▶ **Work required**
Where the line containing "Camera Da Letto Con Divano : Romantica" appears below, start there and repeat each line exactly to the end. Leave the pictures out.

===== The data =====

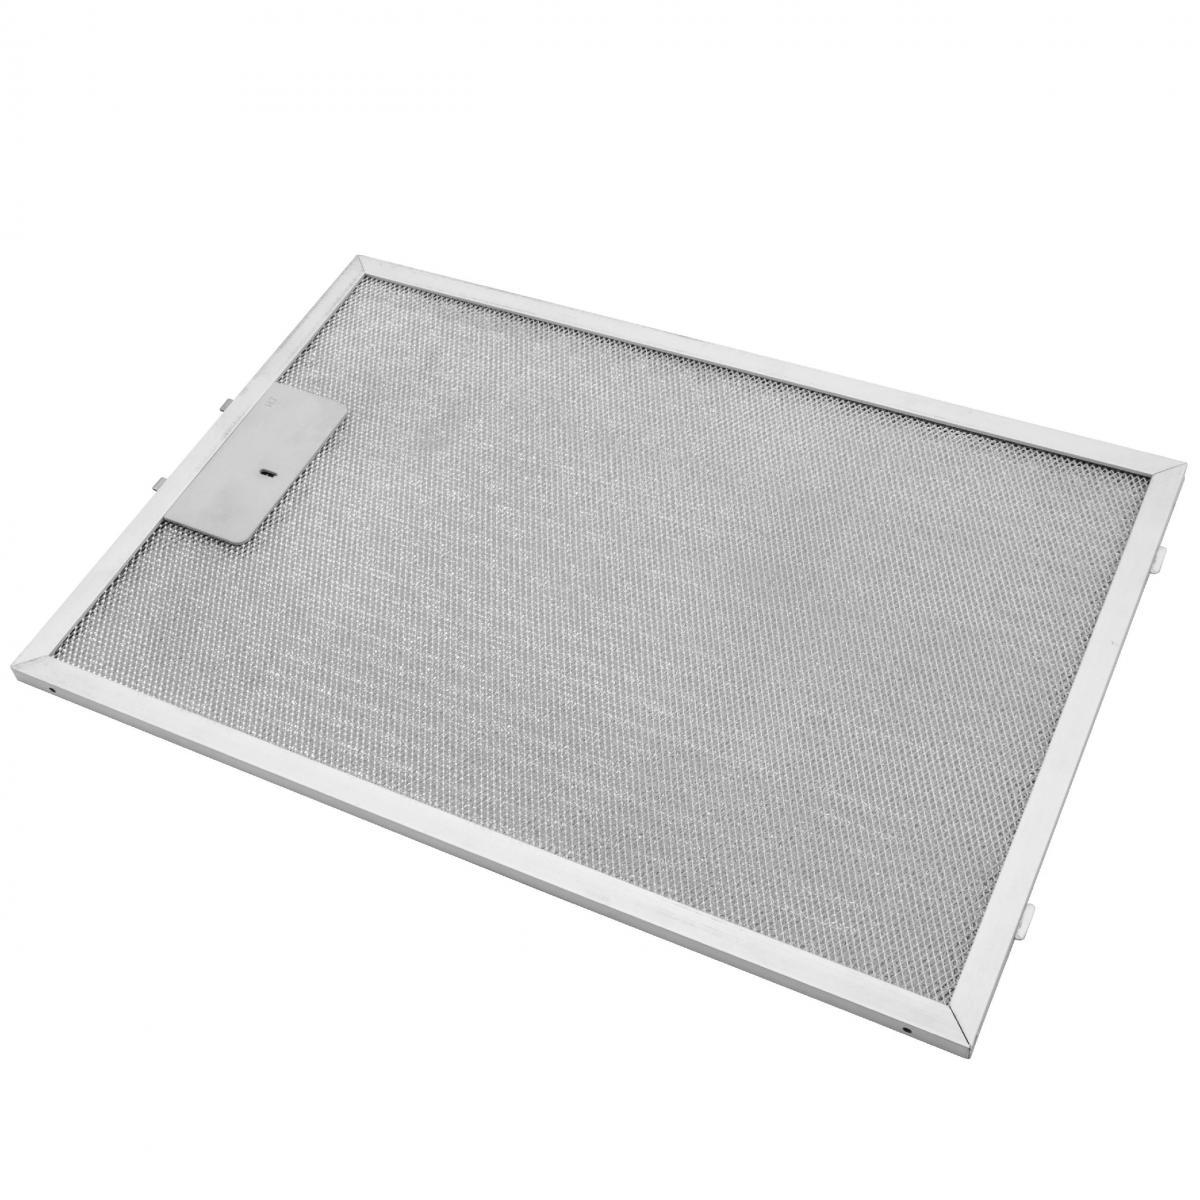 Vhbw vhbw Filtrepermanent filtre à graisse métallique 38,8 x 26,5 x 0,9cm convient pour Siemens LC 64 BA 521, 64 WA 221, 64 W
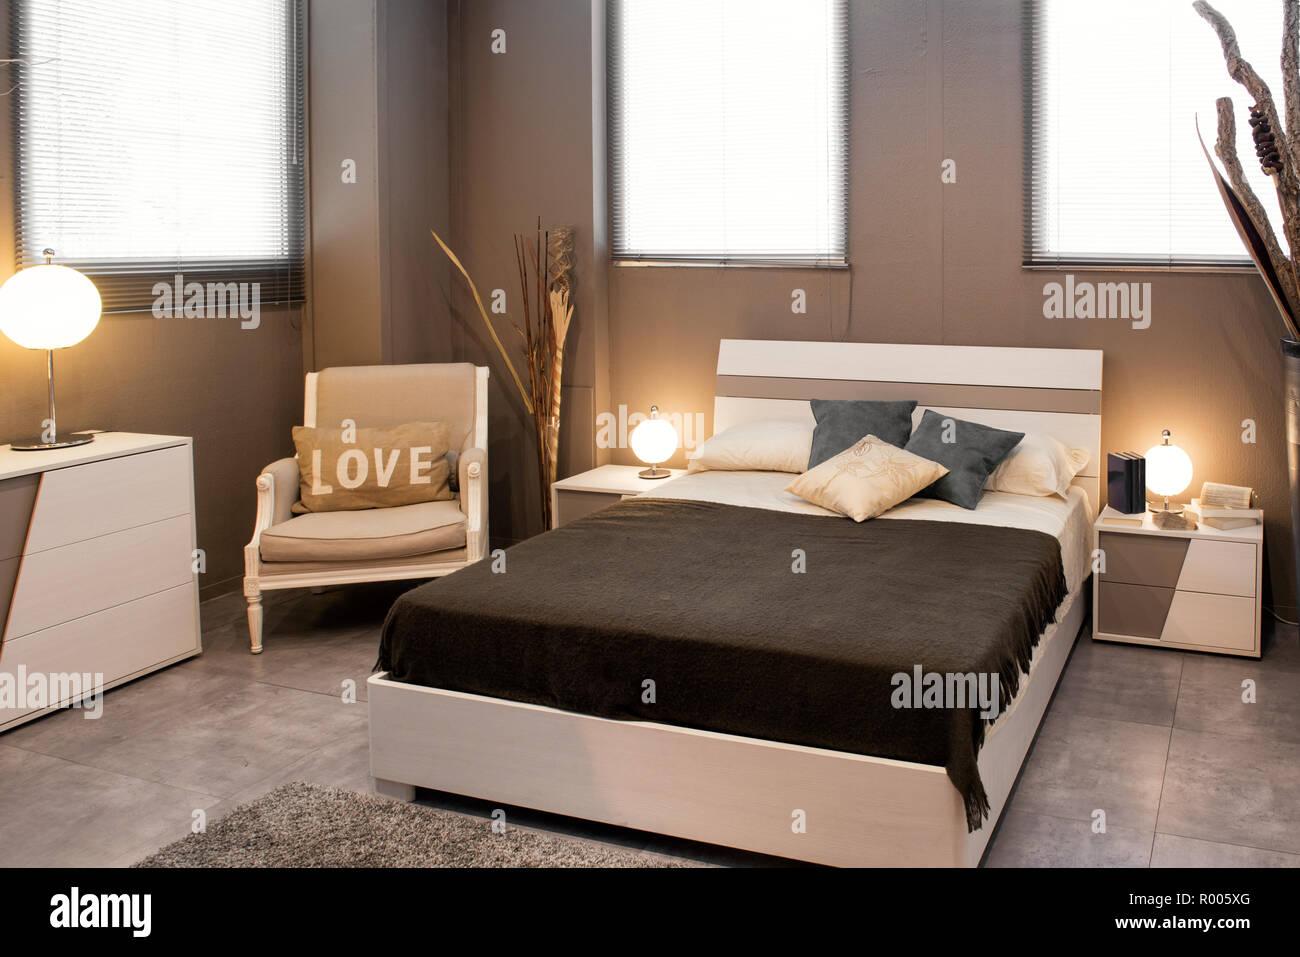 Camera Da Letto Con Divano : Romantica lusso marrone interiore camera da letto con divano letto
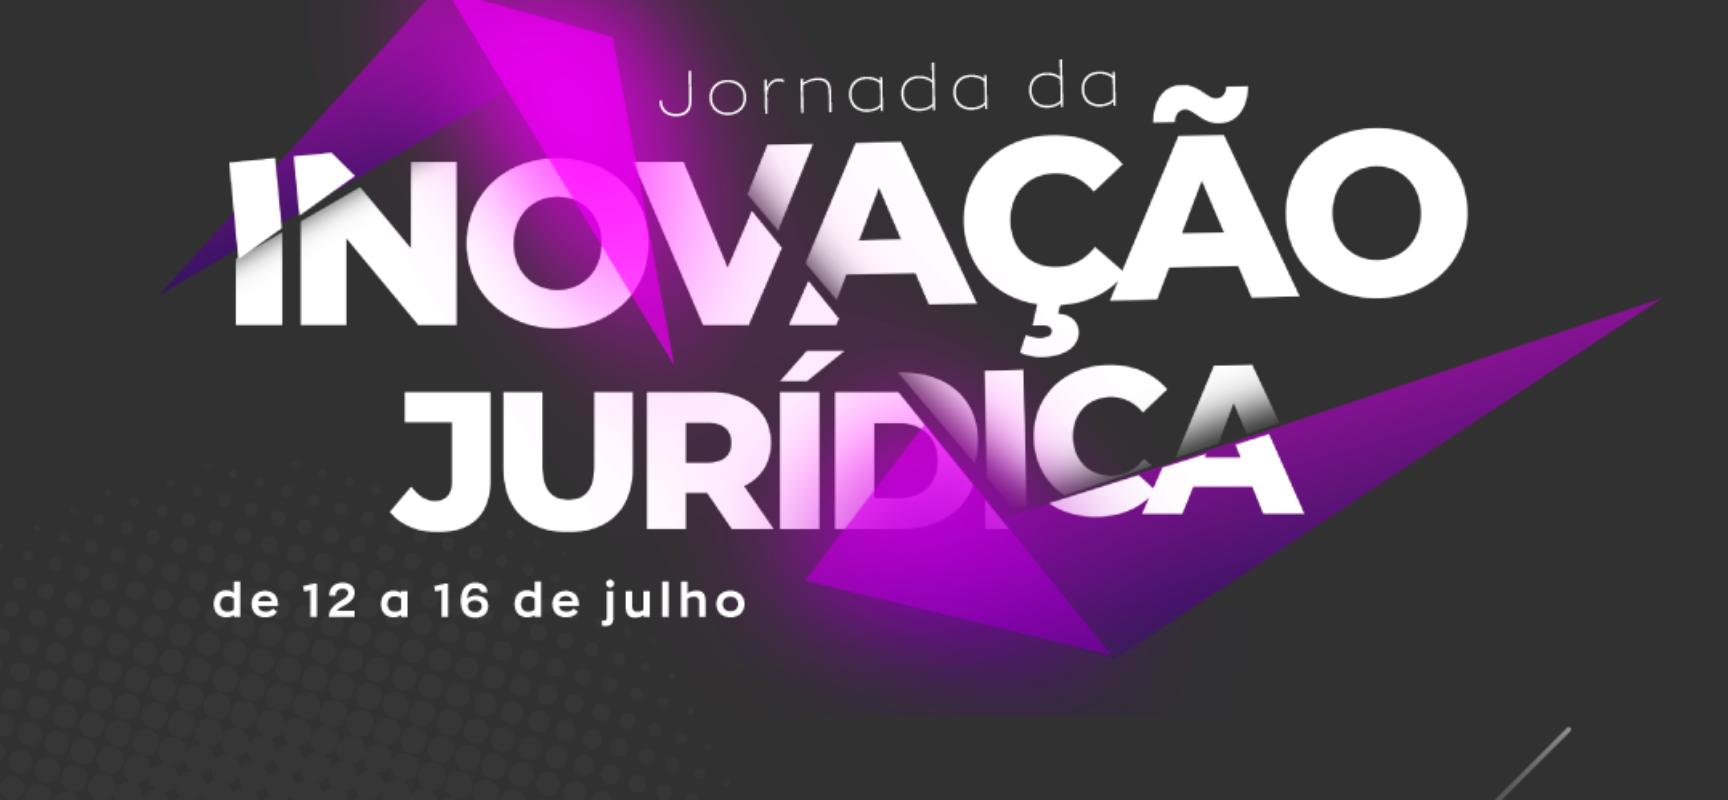 Advocacia terá 1ª Jornada da Inovação Jurídica em Julho

=====

▶ **Solution to this exercise**
 Camera Da Letto Con Divano : Romantica lusso marrone interiore camera da letto con divano letto
 Advocacia terá 1ª Jornada da Inovação Jurídica em Julho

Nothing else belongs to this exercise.